I am new to python programming and struggling with a problem I would like help with. I have multiple text files that I would like to join using the first column in each file to serve as the key to align the files. Each file could be several hundred lines long. The files SHOULD have the same number of lines. The first line in each file can be omitted in the output file. The may be extra text (Possible superstructure of XX) in one or both files which can be omitted.
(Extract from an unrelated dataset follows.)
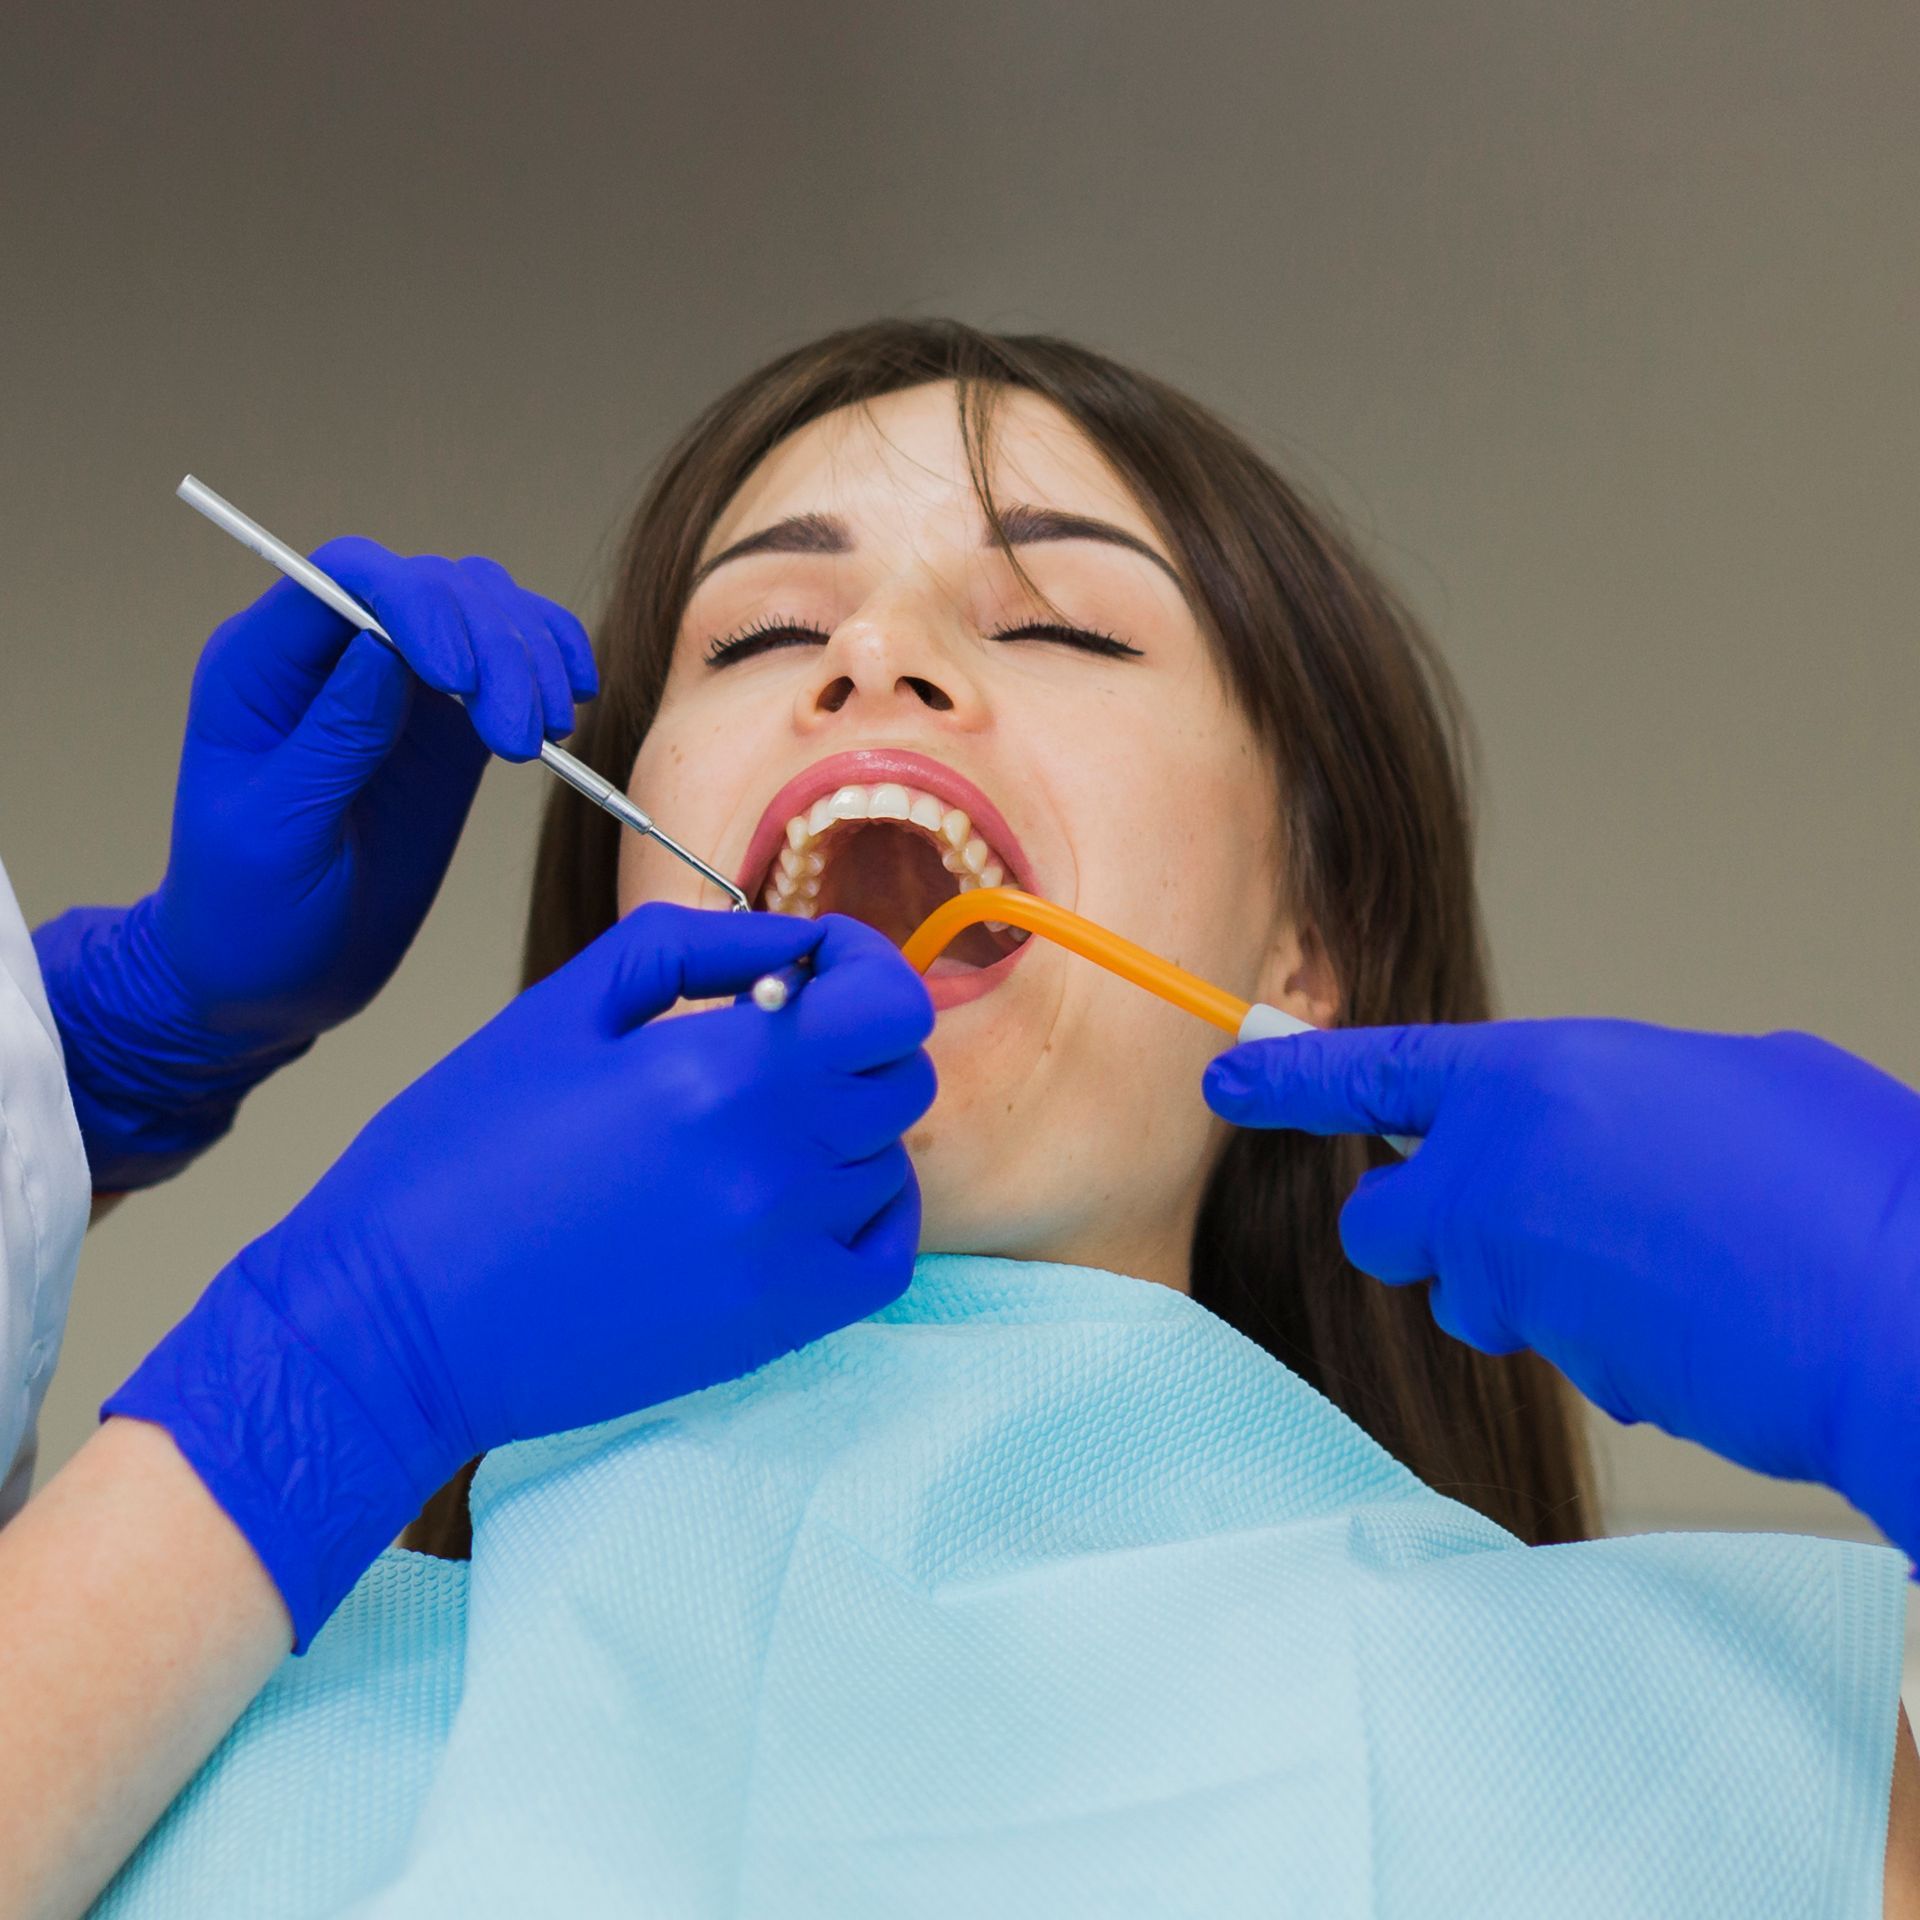 Teeth cleaning dentist
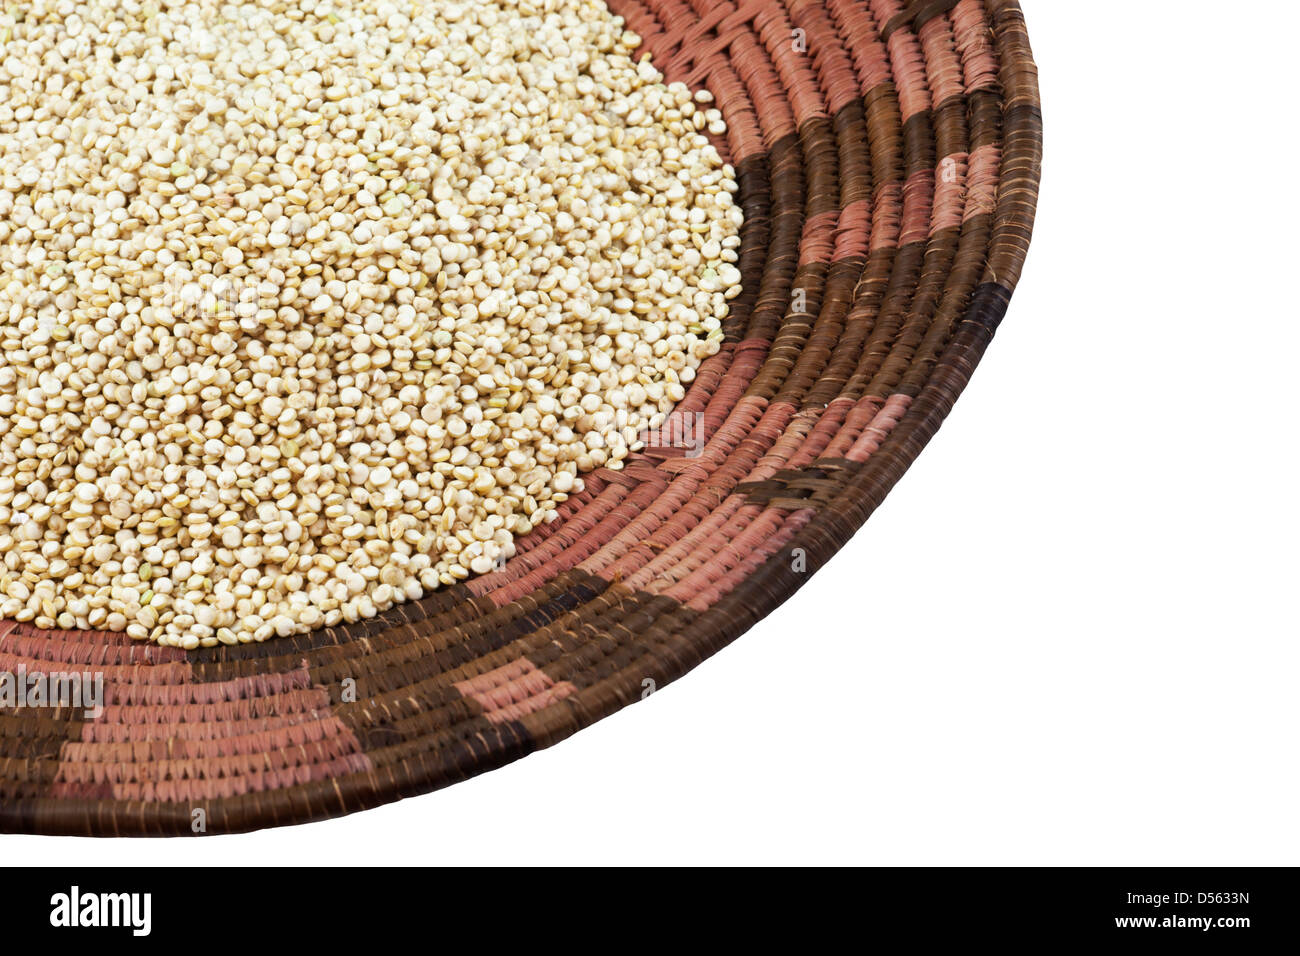 Organic golden/ white Quinoa grain (Chenopodium quinoa) in basket Stock Photo

The first character in the first column can be dropped as well.
File 1 looks like
>SU
>PD-98059 PD-98059 Tanimoto from SU = 0.129213
>BML-265 BML-265 Tanimoto from SU = 0.163743
>BML-257 BML-257 Tanimoto from SU = 0.156627
>SU 4312 SU 4312 Tanimoto from SU = 1
Possible superstructure of SU
>AG-370 AG-370 Tanimoto from SU = 0.264286
>AG-490 AG-490 Tanimoto from SU = 0.347826
File 2 looks like
>GF
>PD-98059 PD-98059 Tanimoto from GF = 0.118483
>BML-265 BML-265 Tanimoto from GF = 0.164179
>BML-257 BML-257 Tanimoto from GF = 0.213904
>SU 4312 SU 4312 Tanimoto from GF = 0.436364
>AG-370 AG-370 Tanimoto from GF = 0.284848
>AG-490 AG-490 Tanimoto from GF = 0.307692
The output file including headers would look like
ID SU GF
PD-98059 0.129213 0.118483
BML-265 0.163743 0.164179
BML-257 0.156627 0.213904
SU 4312 1 0.436364
AG-370 0.264286 0.284848
AG-490 0.347826 0.307692
At this point I would like to join this output file and add a third column and header. I will need to repeat this process many times building a large text file with the number of columns equal to the number of lines. I am trying to build a distance matrix for another application. I hope someone can find this a challenge and offer a solution. Any help will be appreciated.